Friday, July 1, 2011

Budaya Menembus Batas Perbedaan.....




Rabu tanggal 29 Juni 2011 digelar acara kepedulian pelayanan antar umat beragama di halaman Paroki Hati Kudus Rawamangun, maka sengatan teriknya matahari pun tidak terasa.
Panggung gembira diawali lantuman lagu dangdut antar umat beragama, sebagai bentuk kebersamaan. Lalu Mbak Heny Purwonegoro sebagai MC menyemangati para pengunjung untuk membeli aneka makanan mulai dari bubur Manado, Semar Mendem ala Solo sampai dengan makanan khas Pontianak.
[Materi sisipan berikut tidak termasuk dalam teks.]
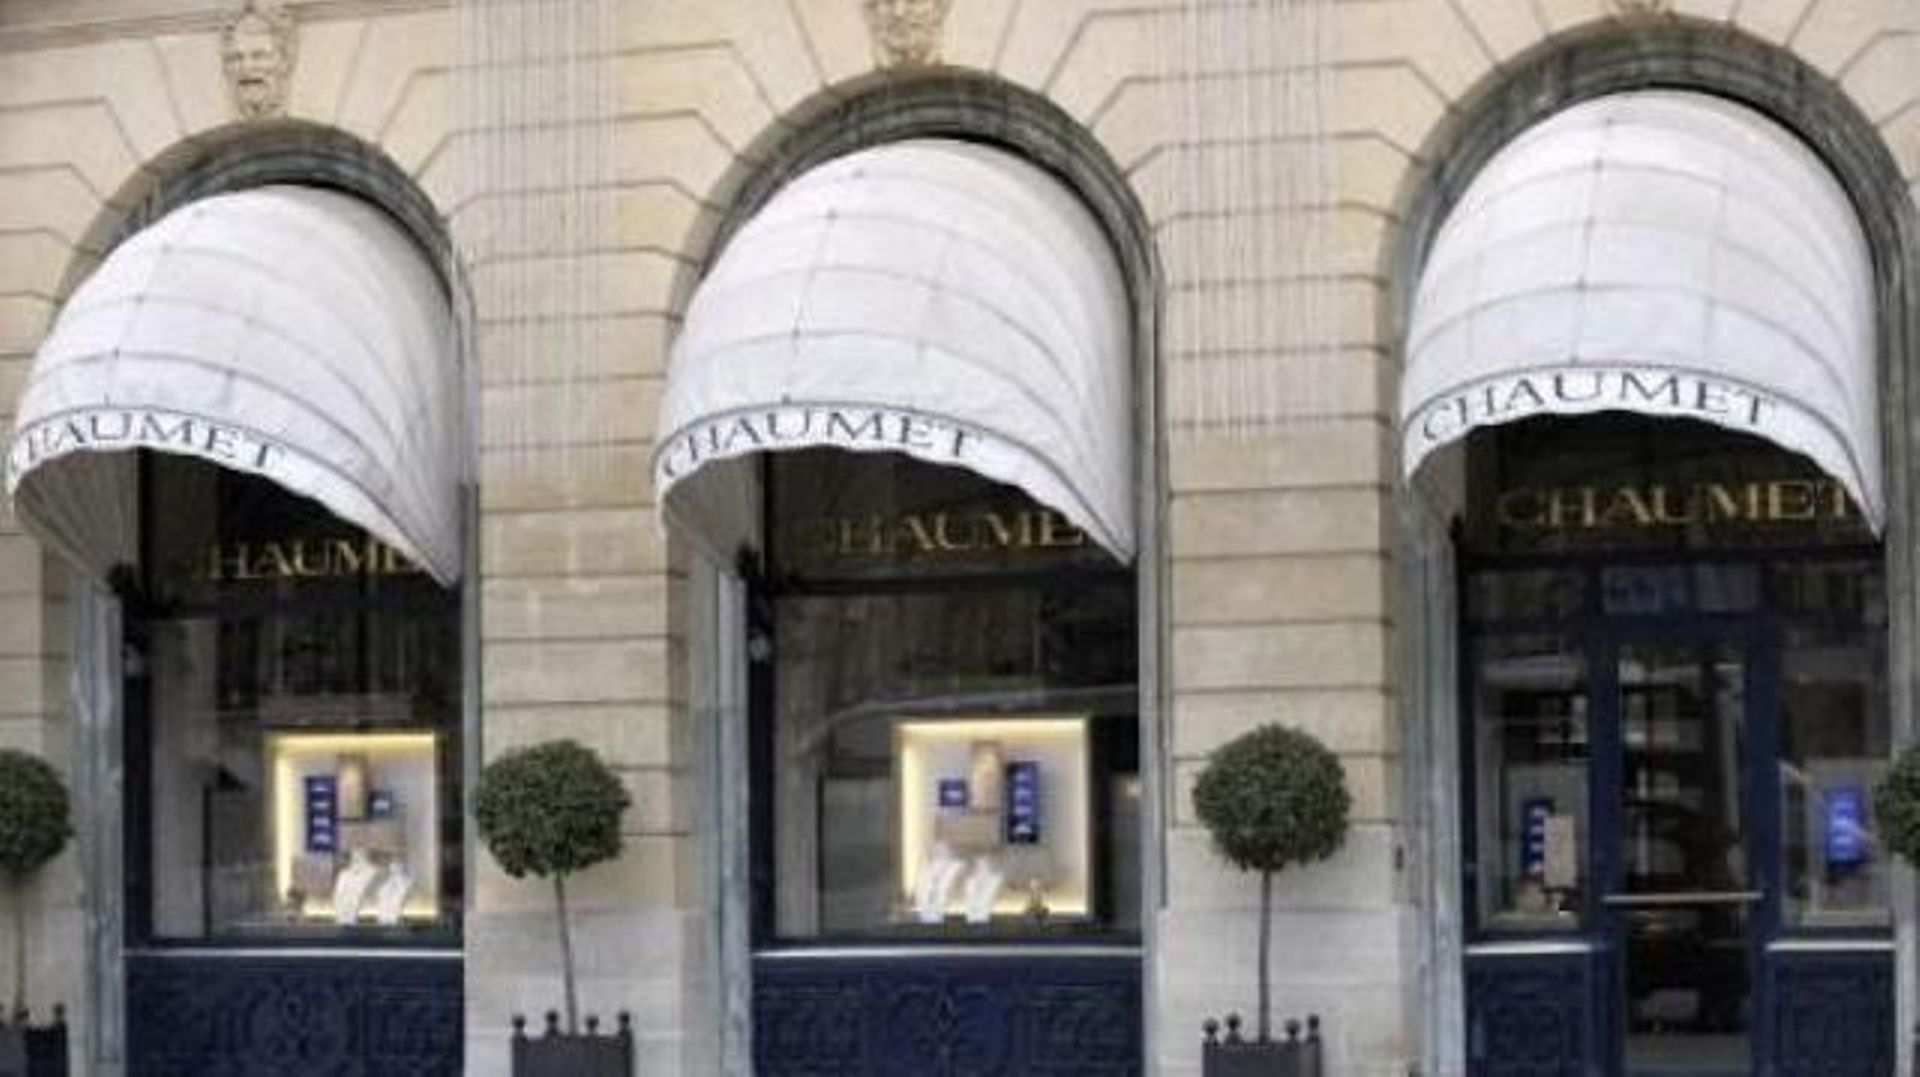 Braquage d’une bijouterie Chaumet à Paris, 2 à 3 millions d’euros de butin

Penyanyi kawakan ibu mertua penyanyi Once yang terkenal di era 80 an, berduet dengan Kia alumnus AFI nya Indosiar untuk menggalang dana pelayanan untuk sesama.
Para pengunjung dan donatur dari berbagai Gereja di Jakarta menikmati suguhan Barongsai dari anak-anak SD dan SMP, berakhir dengan pemberian angpauo secara sukarela, lebih menumbuhkan kesadaran diantara kami.
Berbaurnya budaya mulai dari macam-macam jenis makanan maupun tarian dan lagu daerah, menunjukkan revolusi budaya tetap relevan, menembus batas perbedaan di era kini, yang ditandai semakin absennya pelaksanaan sila-sila Pancasila.

1 comment:

Mestika Anas Rivai said...

Semar mendem berkolaborasi dengan Barongsai.Mestinya mmg seperti itu,tanpa pengkotak-kotakan.Toh kita tak pernah minta dilahirkan sesuai dengan permintaan kita.Sukses Aunt acaranya,semoga mjd acara kontinyu...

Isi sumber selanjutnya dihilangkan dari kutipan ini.